Accordingly, this study develops a novel autofocusing microscope which provides both a large linear autofocusing range and a rapid response. The proposed microscope comprises two optical paths. The first optical path is used to achieve a highly precise focusing accuracy over a short linear autofocusing range, while the second path is used to achieve a less-precise focusing accuracy over a longer linear autofocusing range. The two optical paths are combined using a self-written autofocus-processing algorithm to achieve a large linear autofocusing range and a rapid response without any loss in the focusing accuracy. The proposed microscope is characterized numerically and is then verified experimentally using a laboratory-built prototype.

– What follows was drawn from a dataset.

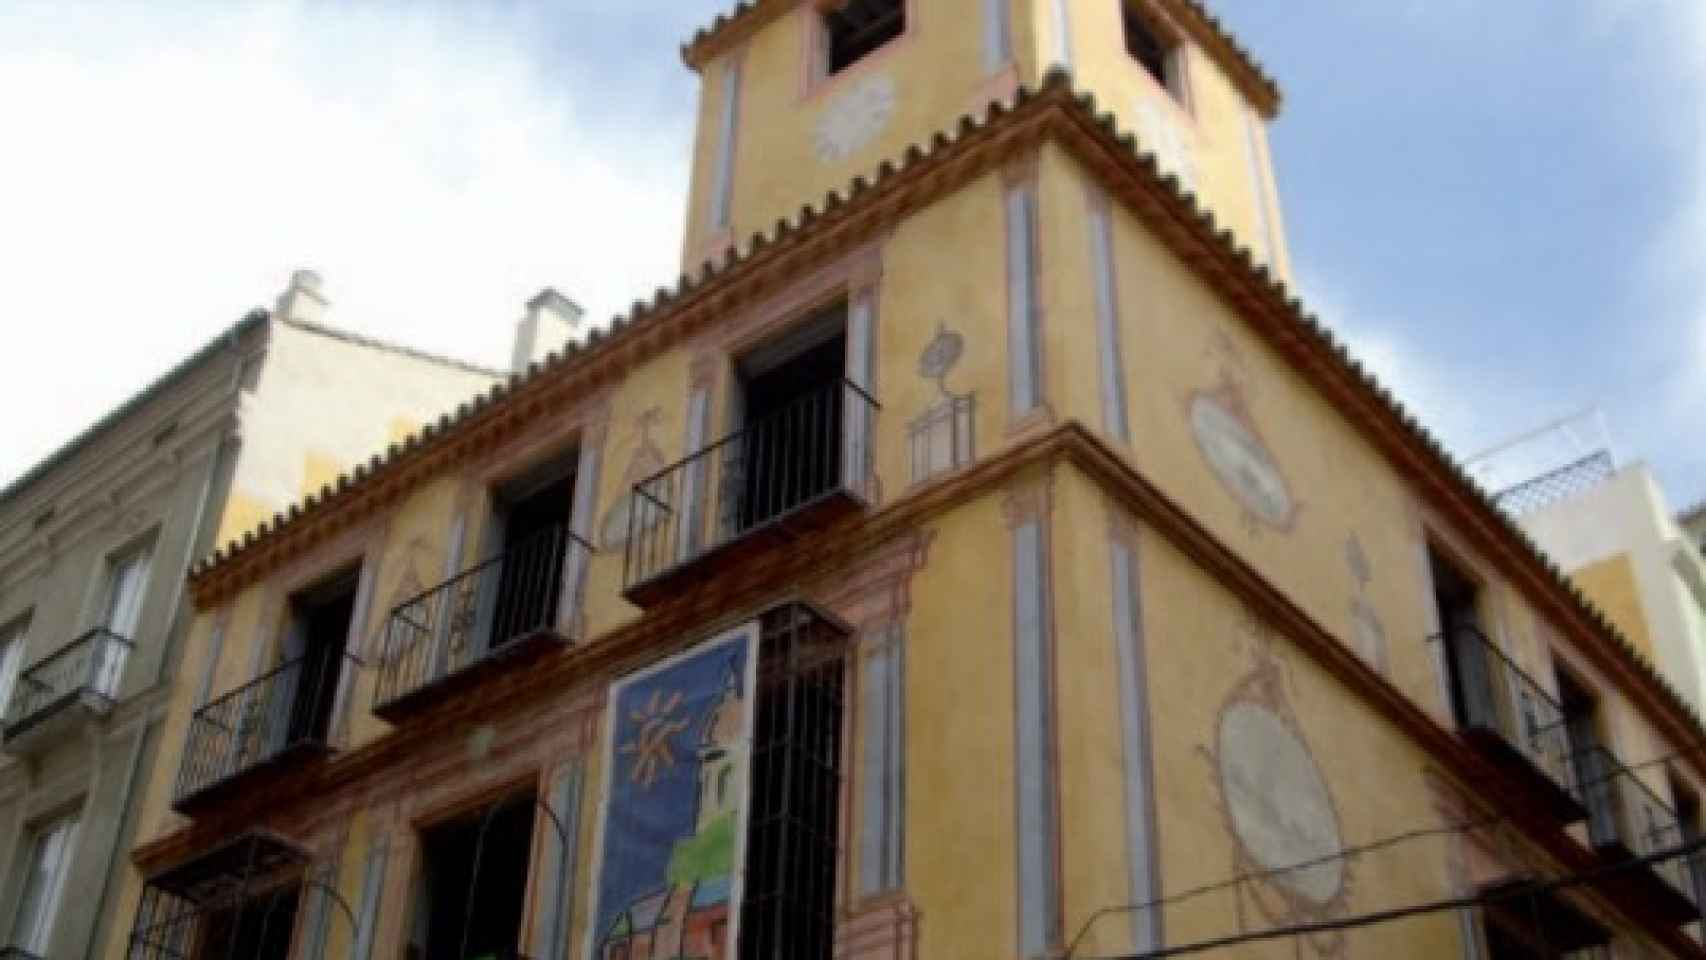 Imagen de uno de los edificios de Málaga con pinturas murales recuperadas.

The remaining of this article is organized as follows. Section 2 describes the structure of a conventional optics-based autofocusing microscope with centroid method. Section 3 introduces the proposed optics-based autofocusing microscope and compares its output and motion characteristics with those of the conventional microscope with centroid method. Section 4 discusses the experimental characterization of the proposed autofocusing microscope using a laboratory-built prototype. Finally, Sect. 5 presents some brief concluding remarks.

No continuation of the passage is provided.